DATA EXTRACT.
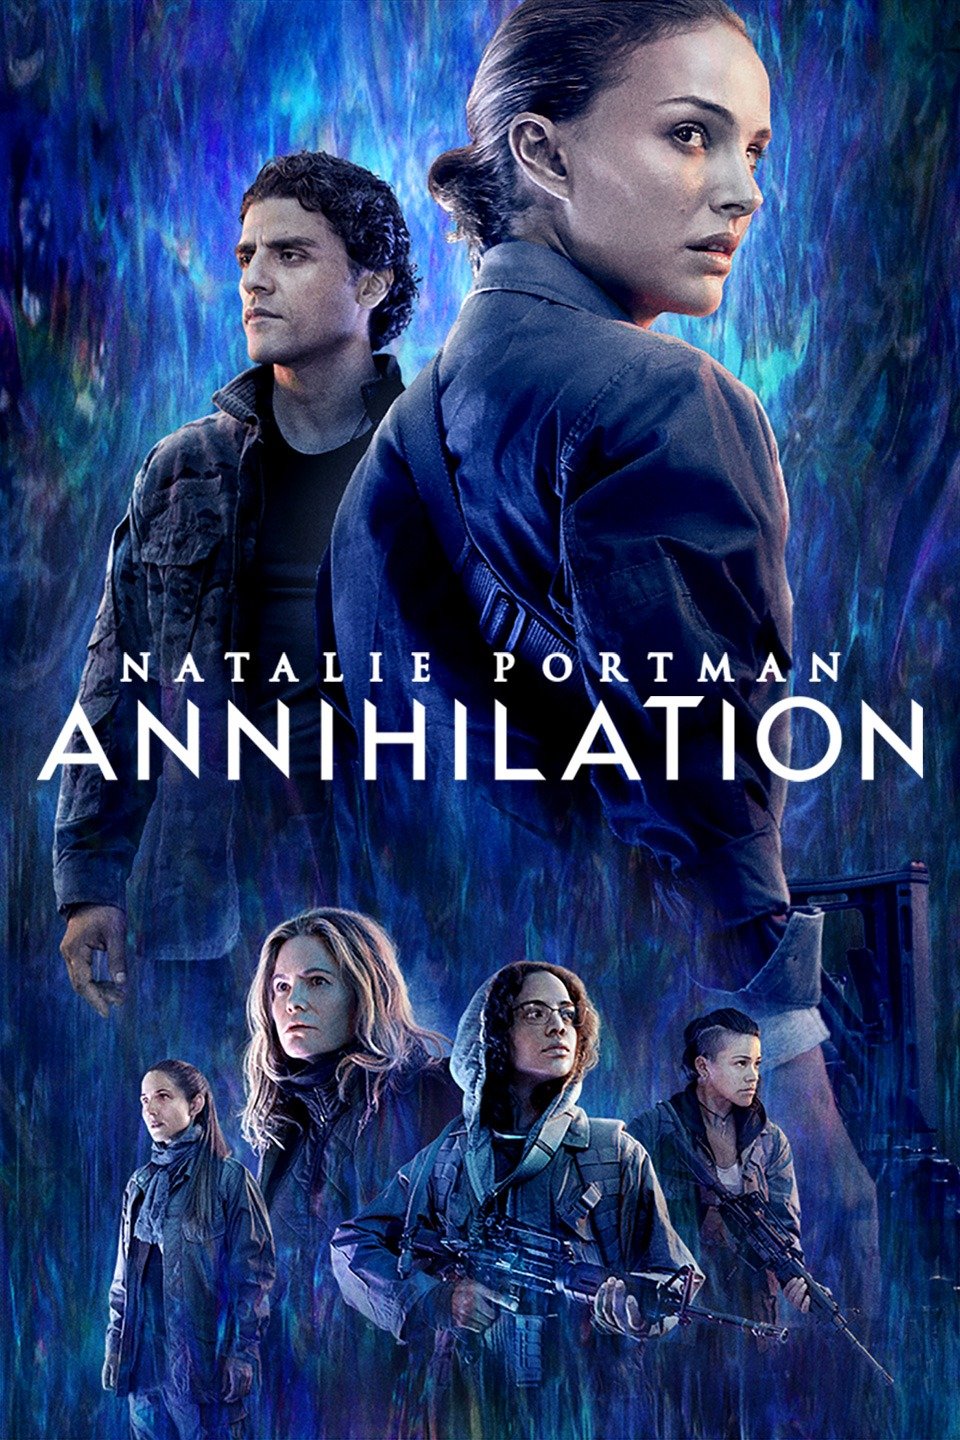 [ฝรั่ง] Annihilation (2018) แดนทำลายล้าง [1080p] [พากย์อังกฤษ DTS] [Soundtrack บรรยายไทย + อังกฤษ] [เสียงอังกฤษ + ซับไทย] [ONE2UP]
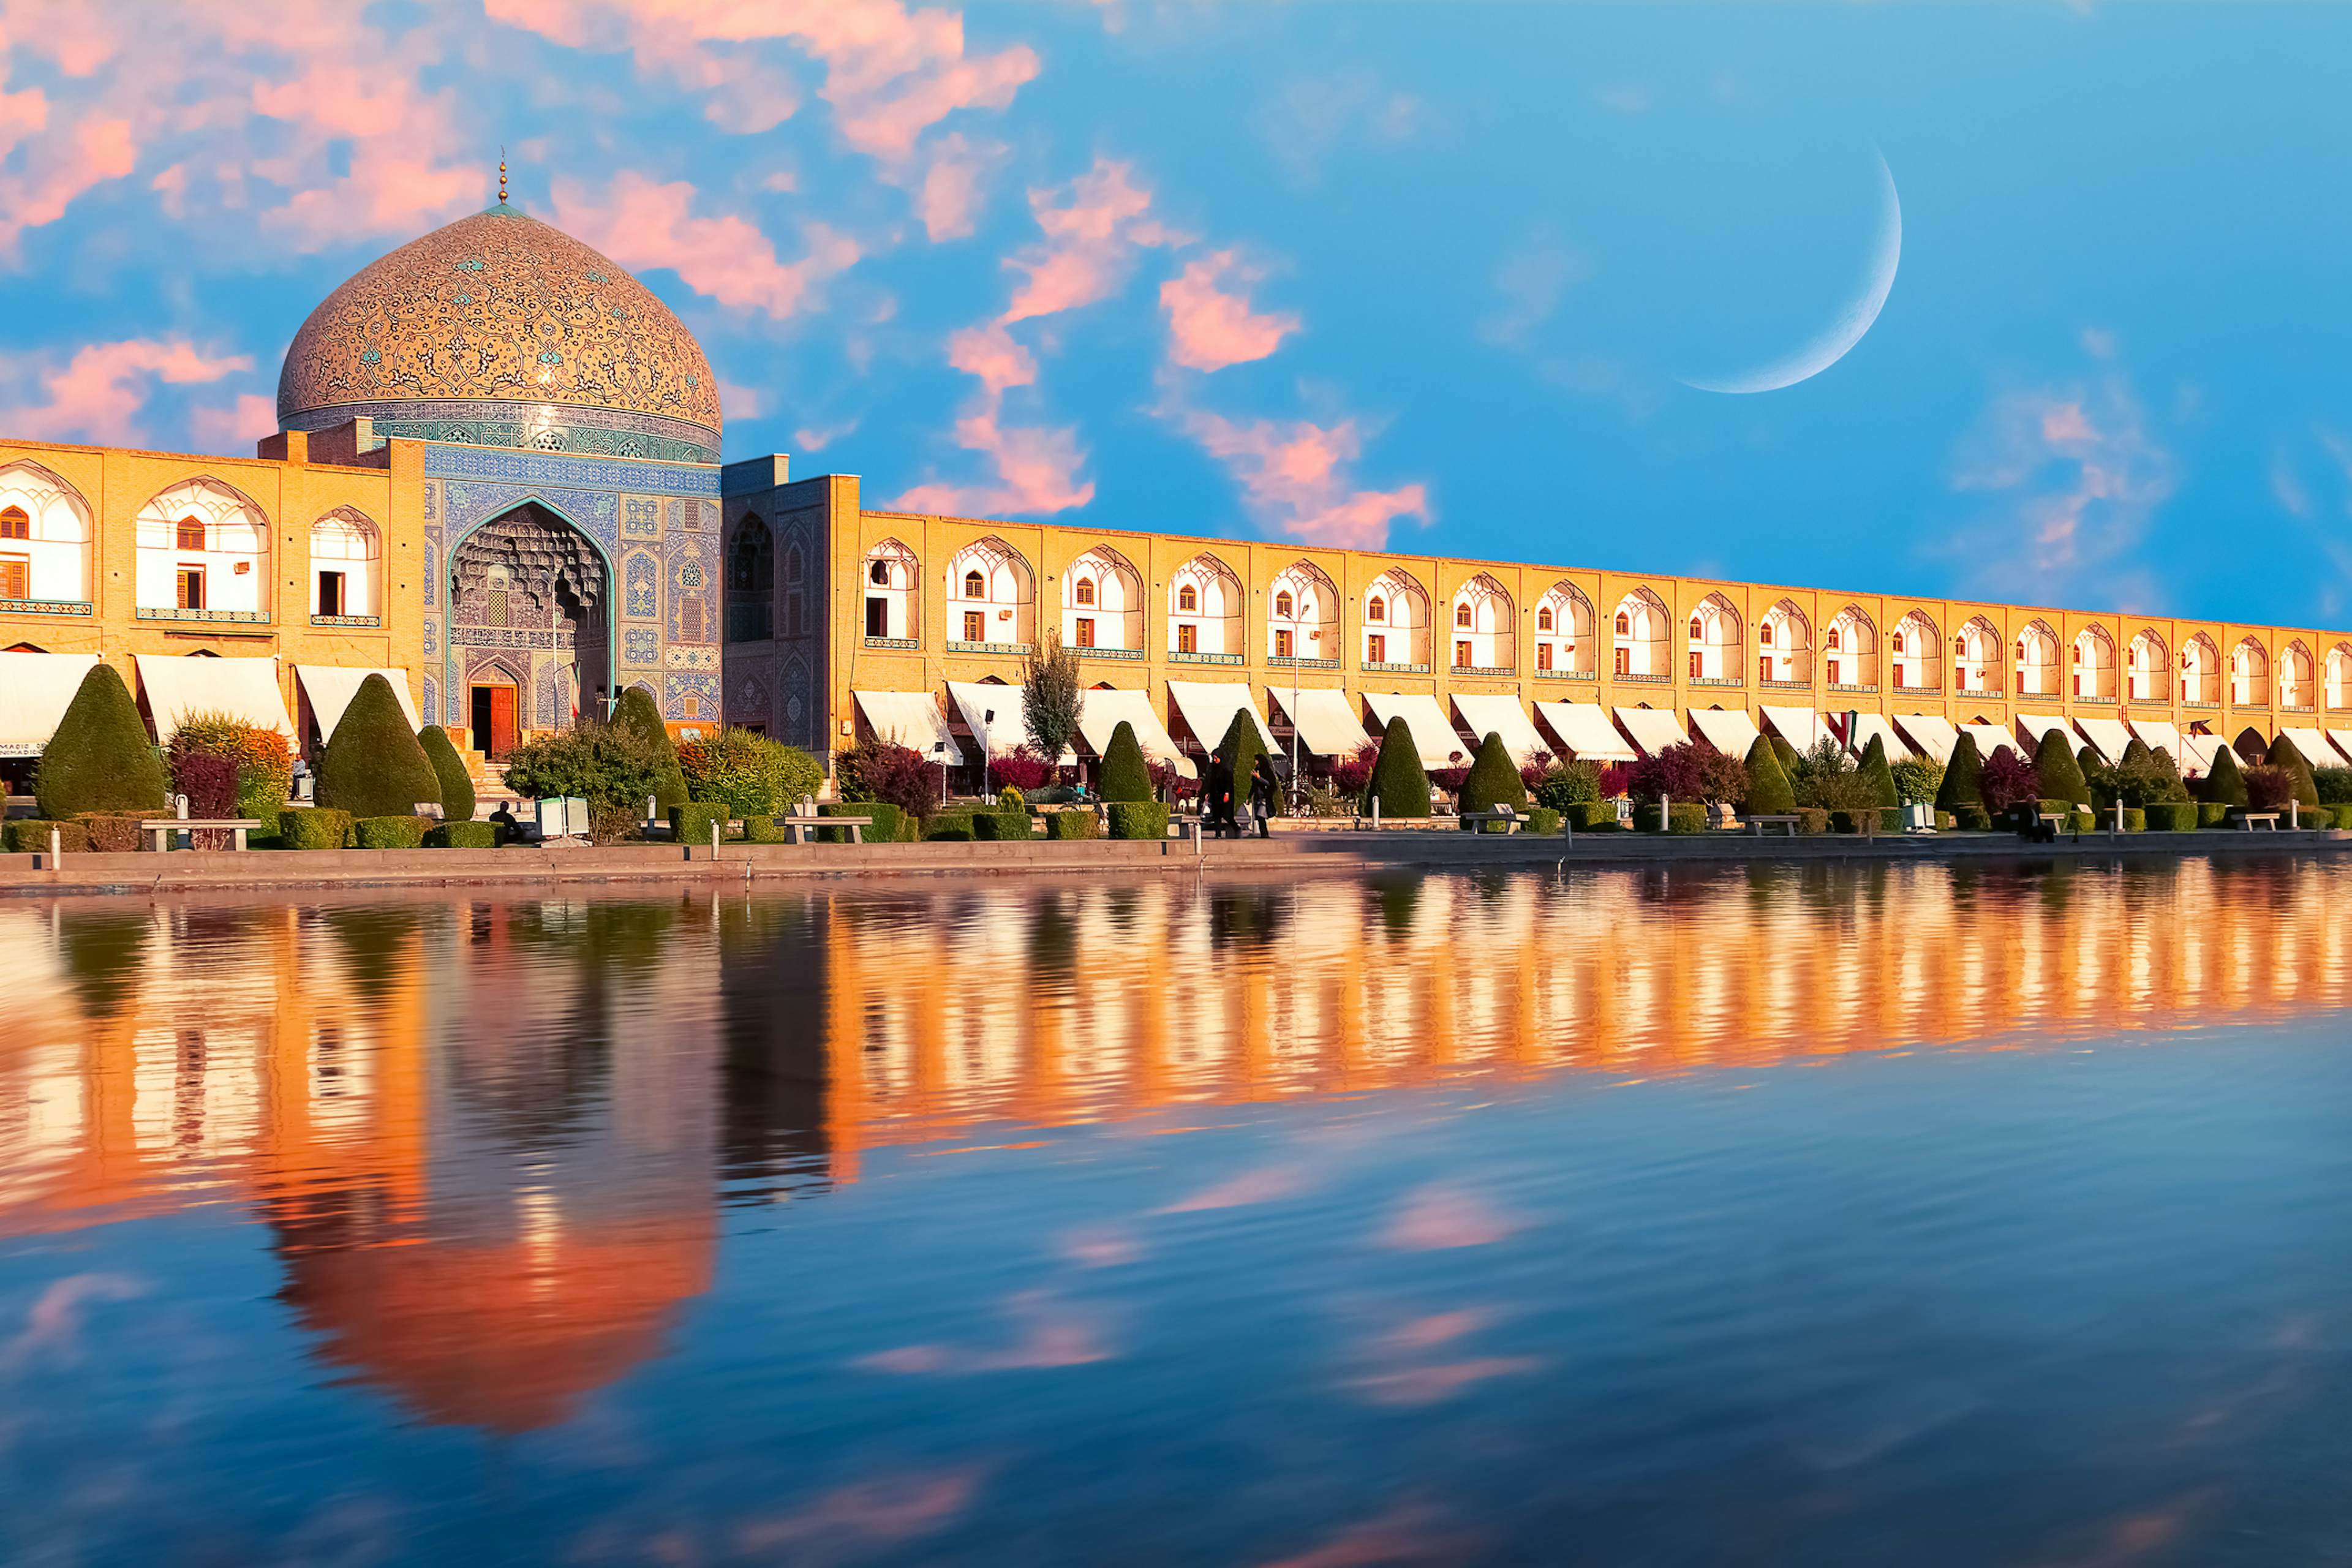 Isfahan image
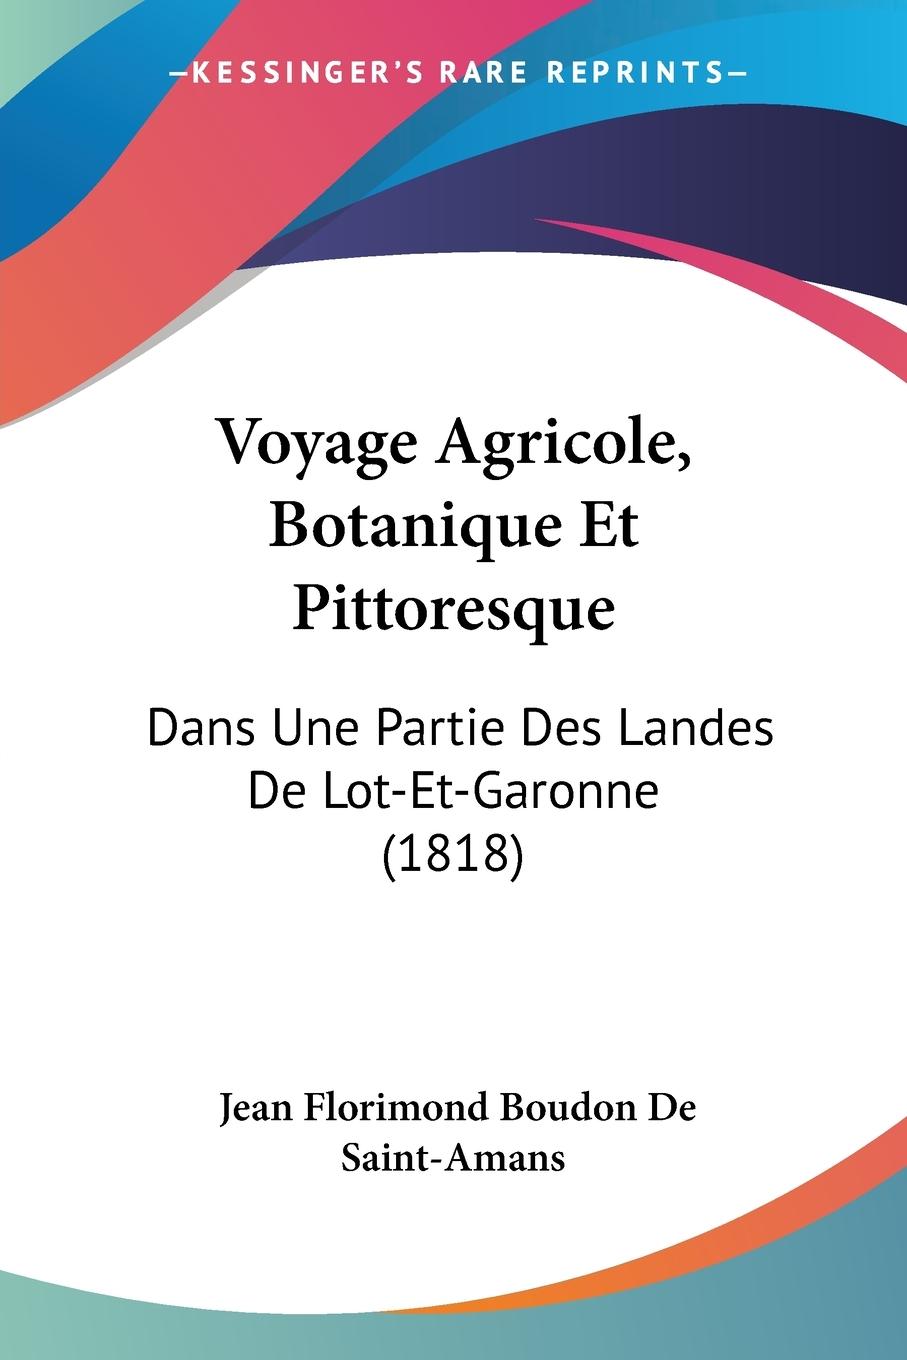 Voyage Agricole, Botanique Et Pittoresque - De Saint-Amans, Jean Florimond Boudon

EXERCISE PROMPT. Retype the line containing "Isfahan image" and all lines after it to the end of the material, exactly as written, leaving out any pictures.

RESPONSE BOX.
 Isfahan image
 Voyage Agricole, Botanique Et Pittoresque - De Saint-Amans, Jean Florimond Boudon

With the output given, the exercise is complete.